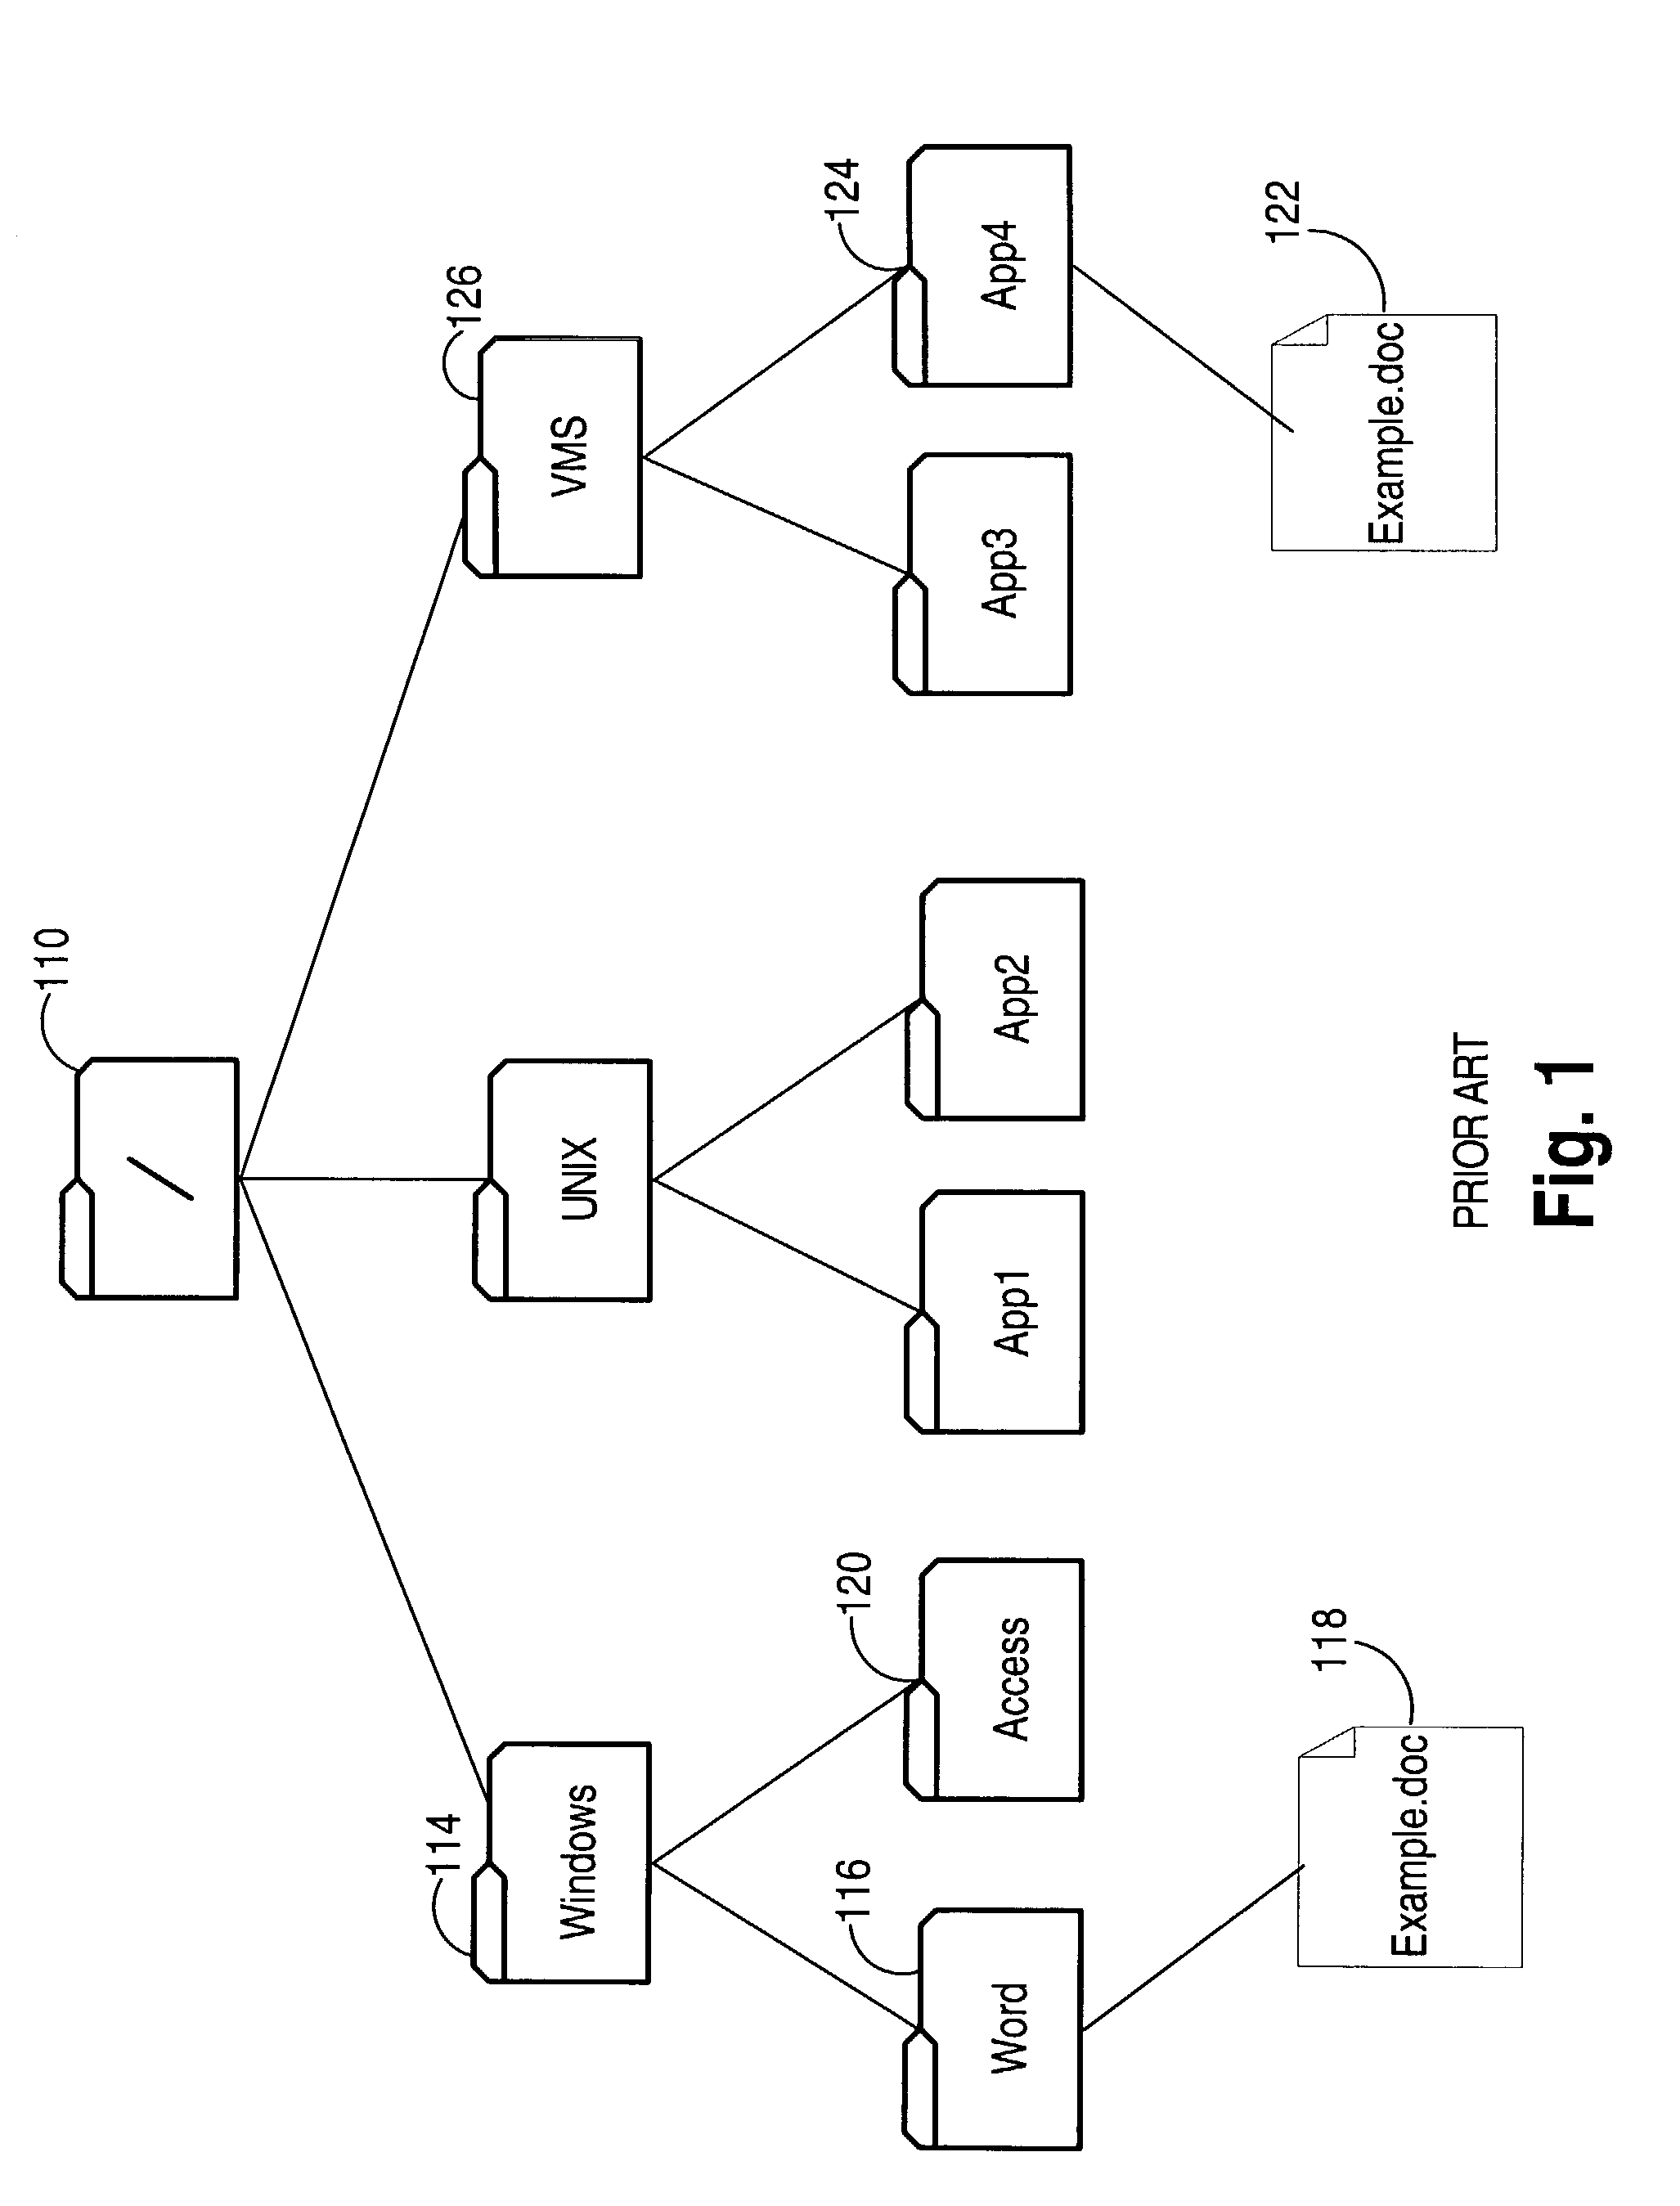 Mechanisms for storing content and properties of hierarchically organized resources
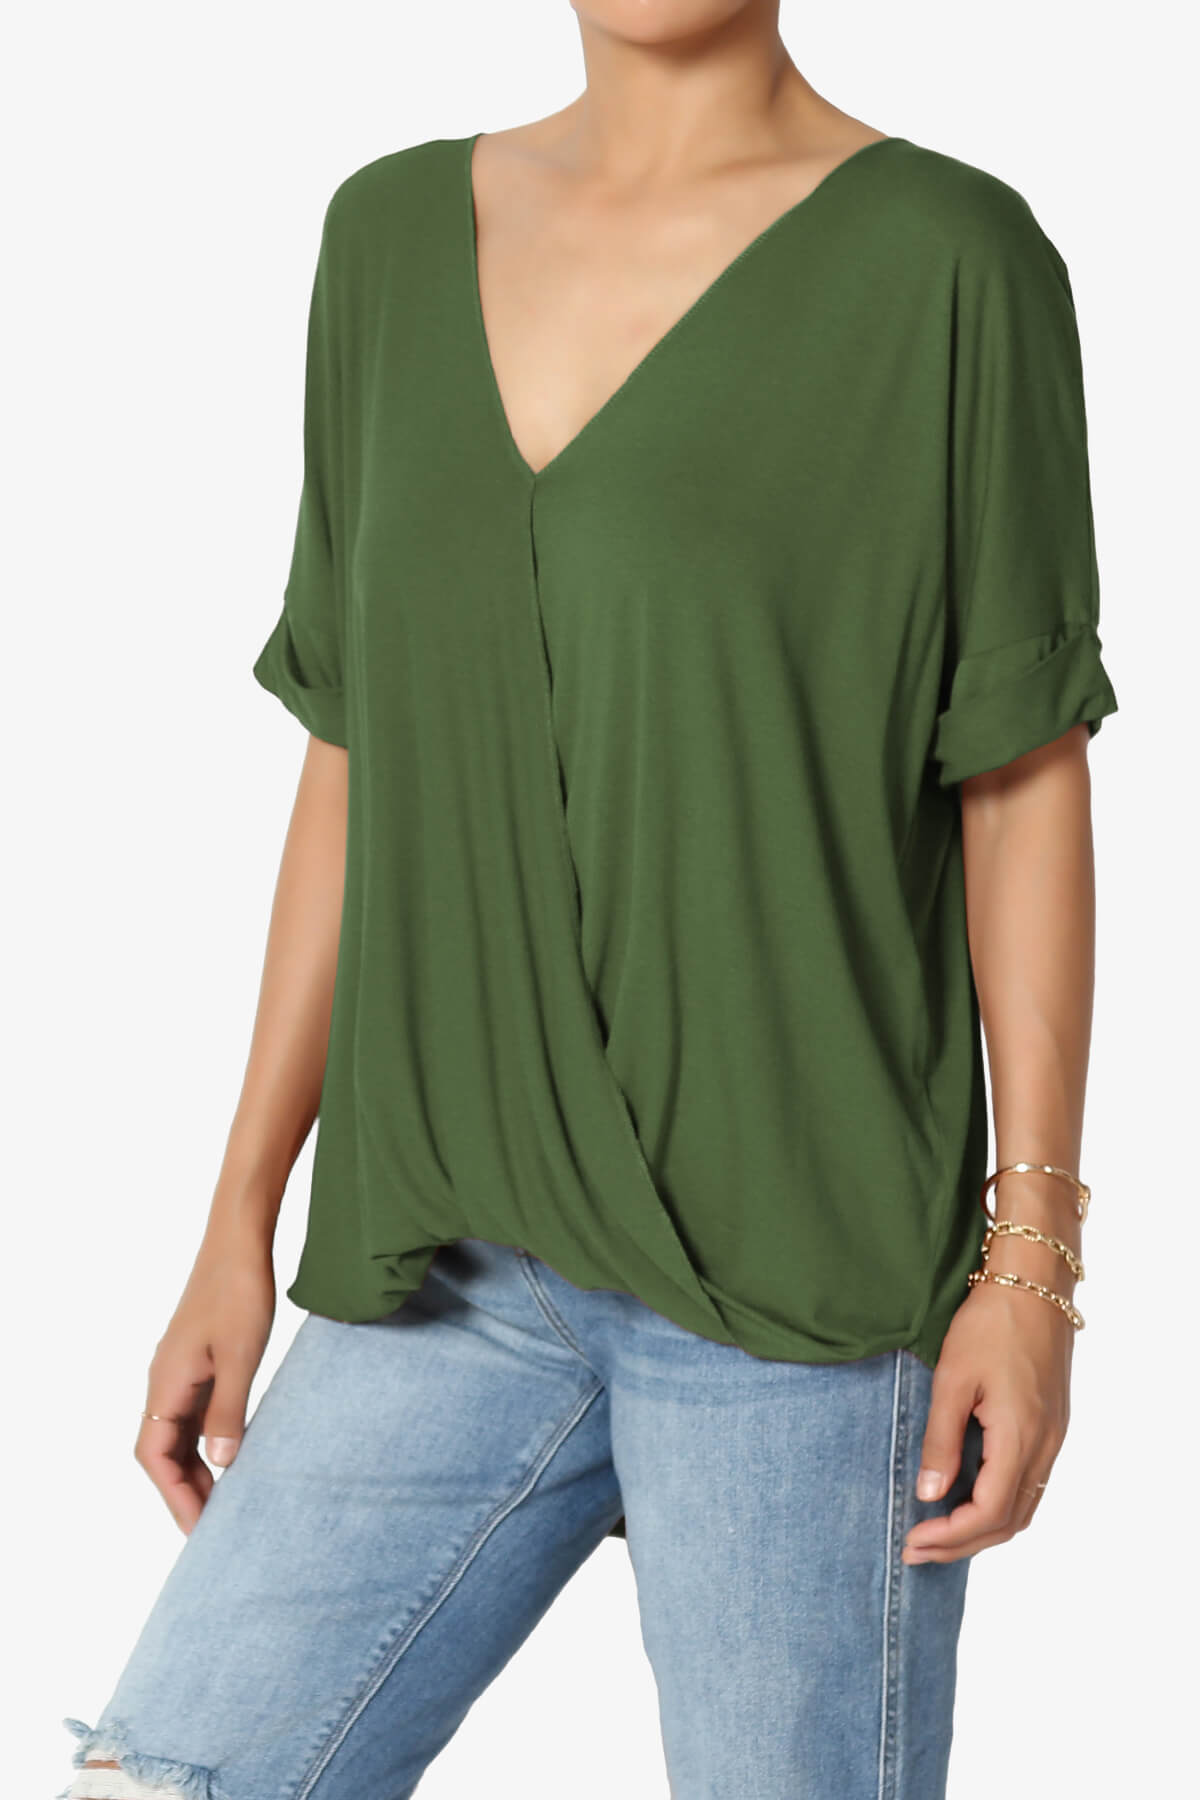 Tackle Wrap Hi-Low Crepe Knit Top ARMY GREEN_3
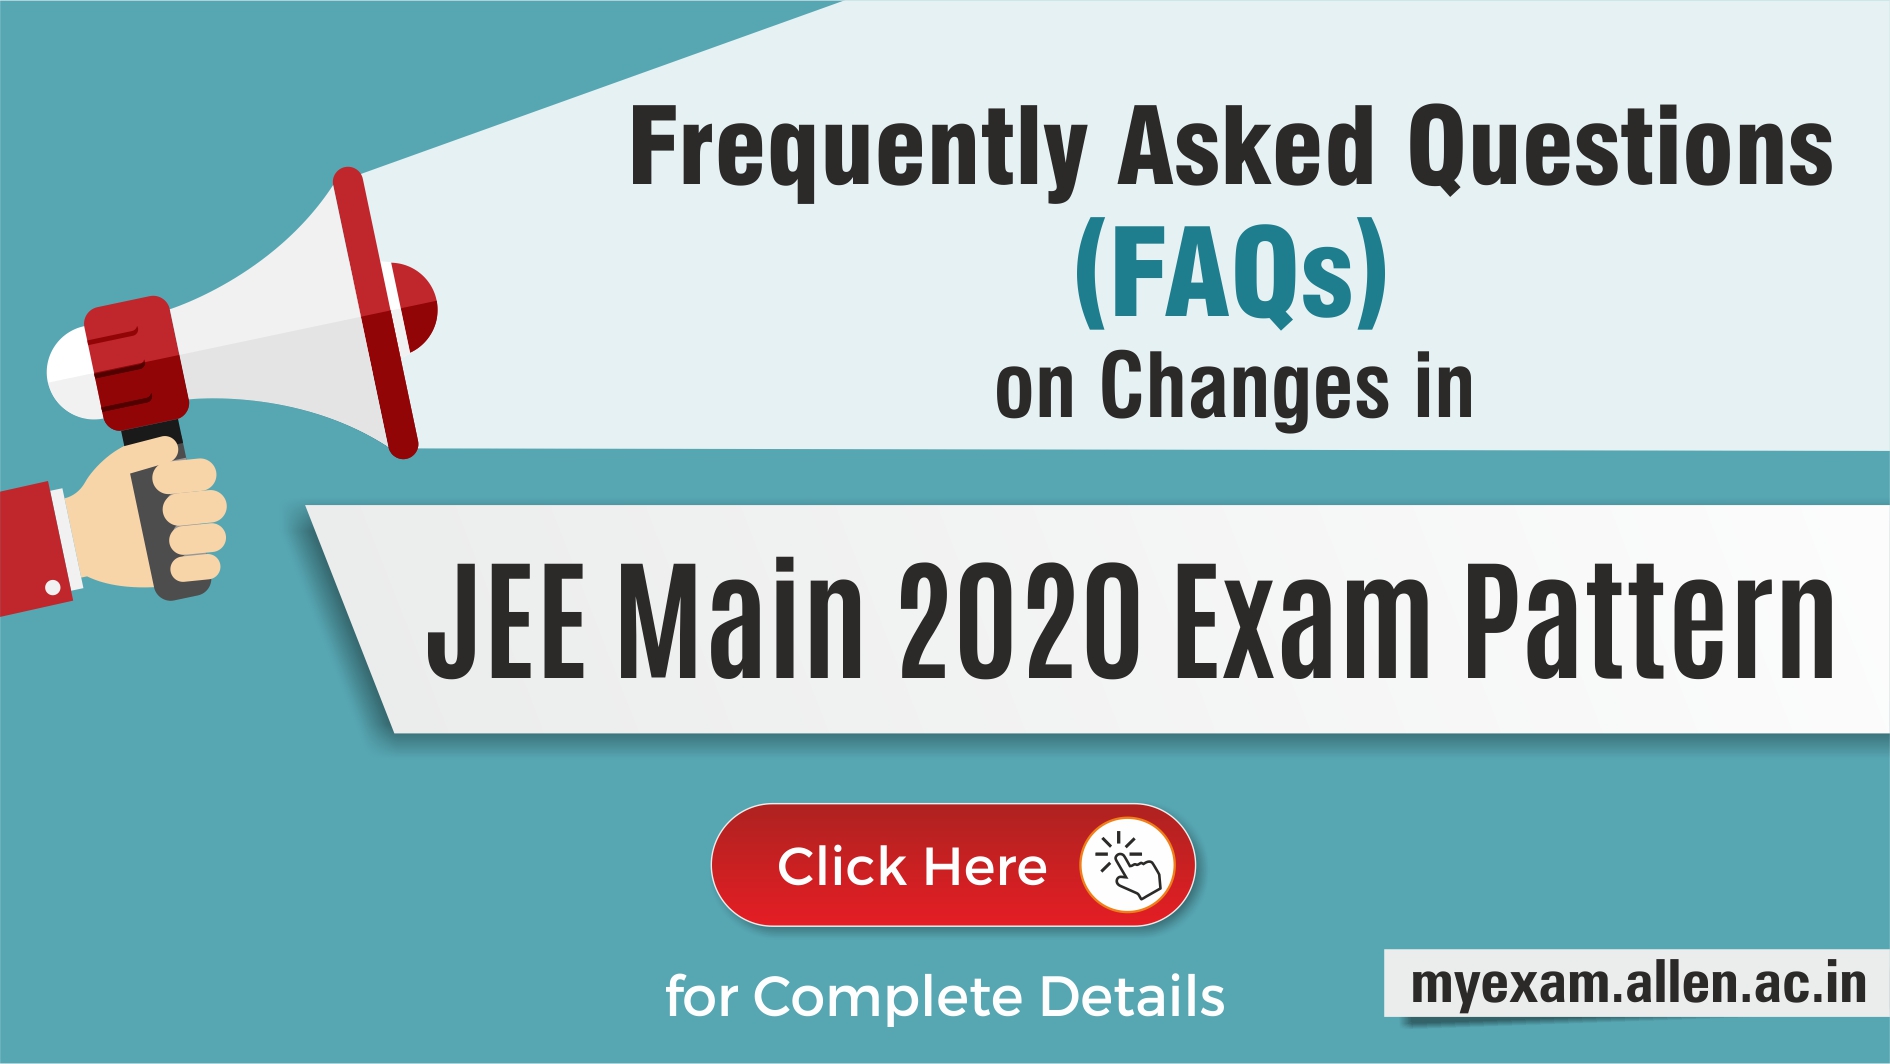 Changes in JEE Main 2020 Exam pattern

----

> **Task to complete**
Leave the pictures aside and print exactly, and only, the lines from the one with "Tackle Wrap Hi-Low" through the end of the data, both included.

> **Problem solution**
 Tackle Wrap Hi-Low Crepe Knit Top ARMY GREEN_3
 Changes in JEE Main 2020 Exam pattern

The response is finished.